Dieux qu’ils étaient lourds… ! selon Louis-Ferdinand Céline
Dans la toute petite salle du Lucernaire, au Paradis, nous sommes entrés comme par effraction, en voleurs amateurs, écouter une interview de Céline. Quelle étrange impression, juste celle d’avoir rencontré un écrivain célèbre, sans connaître nécessairement son œuvre. Qui n’a pas entendu parler de Céline, qui s’est vraiment engagé dan la lecture de son « Voyage au bout de la nuit » ? Sur la petite scène qui tient lieu de studio radiophonique, nous pourrions nous croire aussi bien dans une église en train de surprendre la conversation d’un pêcheur avec un prêtre. Sauf que Céline rit de sa situation: «Je suis assis sur une chaise électrique. » Le journaliste qui l’interview n’a rien d’un prêtre, il est plutôt bonasse, il affiche une certaine décontraction, un professionnalisme qui ne laissent percer aucun de ses propres sentiments. Tout au long de l’interview, une profonde humanité se dégage des propos de Céline sur sa vie, l’écriture, la philosophie. Elle est inattendue et c’est là le travail remarquable de l’acteur, Marc Henri Lamande, de restituer dans l’articulation de la pensée de Céline, quelque chose qui ressemble à de l’abandon, vis-à-vis de lui-même, vis-à-vis des autres. C’est à dire qu’à travers sa misanthropie déclarée, à travers cette phrase lâchée non point comme un jugement mais un sentiment « Dieu qu’ils étaient lourds....!» on entend avec persistance comme une sorte d’amour pour les hommes. Nous découvrons un homme qui est allé au bout de lui-même et à vrai dire cette affaire-là est affaire d’artiste. Cela signifierait-il que tous ses débordements: antisémitisme, haine, racisme, désignent la fracture qu’il peut y avoir entre un individu livré à lui-même et le monde.

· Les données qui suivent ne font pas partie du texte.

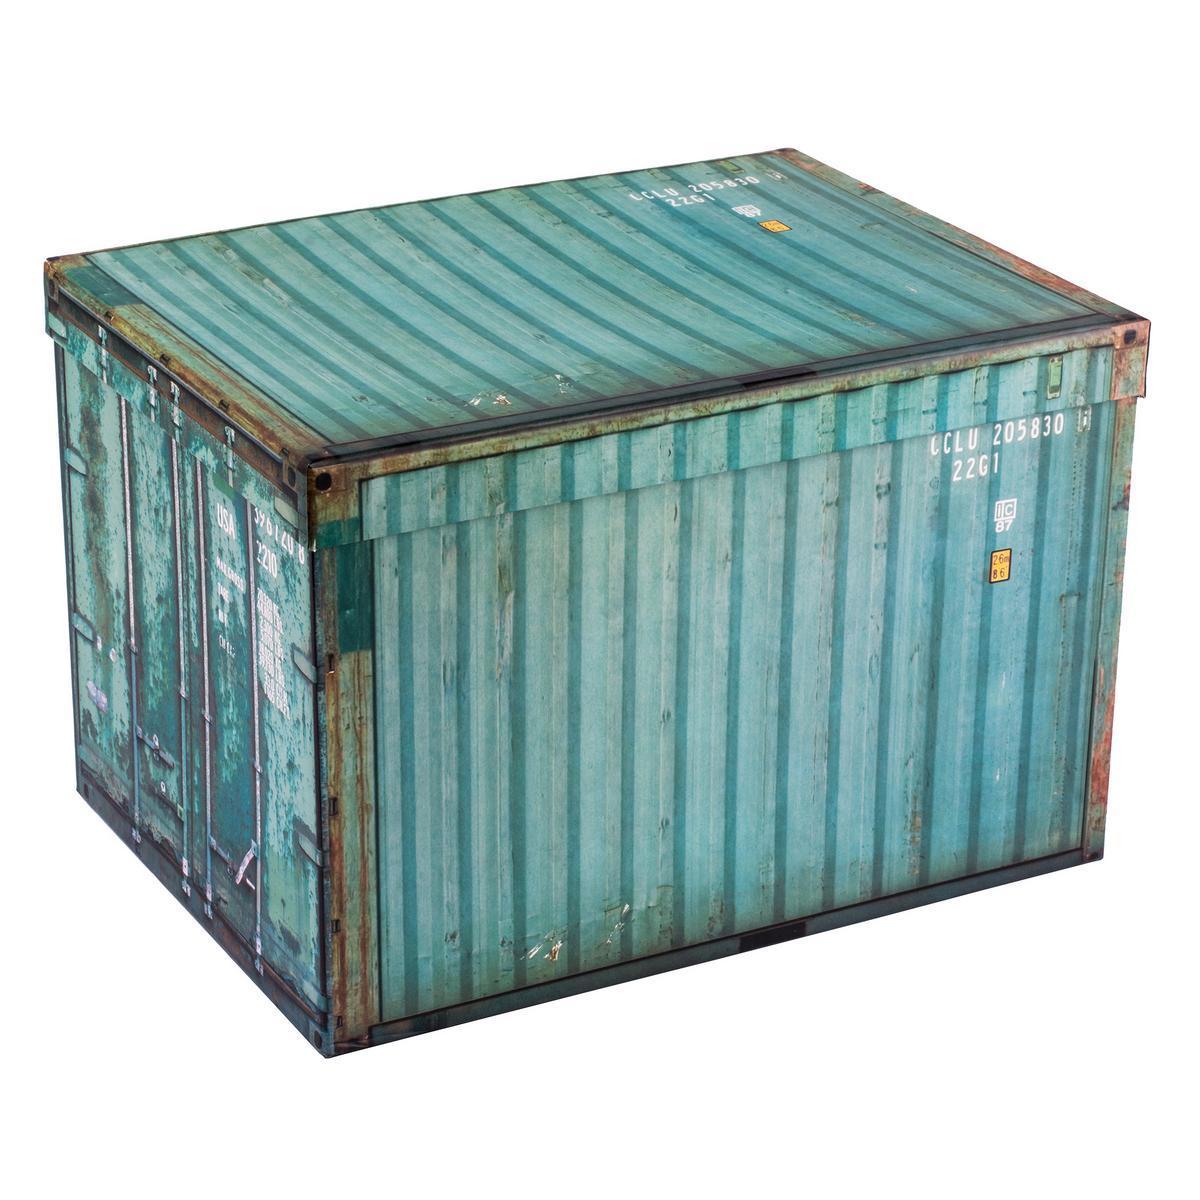 Boîte de rangement style container - Carton - 31,5 x 23,5 x H 21 cm - Vert

«Je ne m’occupe pas des lecteurs. J’écris des livres pour les vendre. Je hais les idées. Je ne suis d’aucun parti. Je suis Céline, je ne suis pas les autres et mes opinions ne regardent que moi» dit-il en substance. Comme s’il n’avait pas imaginé que ses écrits puissent influencer ses lecteurs et se propager. La responsabilité de l’écrivain vis-à-vis d’eux, il ne l’entend pas. Après s’être engagé dans l’armée, il devient pacifiste. Mais pas par idéalisme, plutôt in corpus, in vivo. De même qu’après avoir été antisémite -j’extrapole- il lui faudrait devenir amoureux des juifs, in vivo. Au regard de ce qu’il appelle ses turpitudes, il ne se prononce pas. Il dit qu’il a payé, que pour écrire, il a payé aussi, que c’était très difficile. Un antisémite libertaire, au secours!
Évidemment, il n’est pas possible de réduire l’œuvre de Céline au pire de ses propos. Mais il a vécu le pire, les guerres, la prison, le lynchage. Faut-il qu’il nous surprenne encore, lorsqu’il dit «Je suis contre la souffrance, elle rend les hommes encore plus mauvais.» Ce voyage au bout de la nuit est une histoire de sacrifice : Céline son propre cobaye, déjectant sa haine pour s’entendre lui-même, ou revenir vers les autres.
«Je ne suis qu’un homme après tout et je n’ai rien à bouffer, si c’est comme ça…» Cette lueur de révolté, douloureuse, fait penser à Antonin Artaud, parce que ce « caca » (littéralement en grec «mauvaises choses ») ne dégouline pas seulement de la bouche de Céline, c’est aussi la nôtre.
Il raconte que durant son enfance, il n’a mangé que des nouilles parce qu’elles n’ont pas d’odeur et qu’il fallait être à l’affut de l’odeur, toujours, à cause de la dentelle que fabriquait sa mère, passage Choiseul.
Céline esthète, et humain, malgré lui. Ce spectacle gratifiant nous fait pénétrer dans l’univers mental d’un homme artiste, à l’ornière de sa pensée, un peu comme si nous entrions, spectateurs, dans son atelier. Et cet homme qui nous raconte sa vie, sans ambages, simplement, est si vivant qu’on se dit , enfin, qu’on pourrait le rencontrer, lui parler…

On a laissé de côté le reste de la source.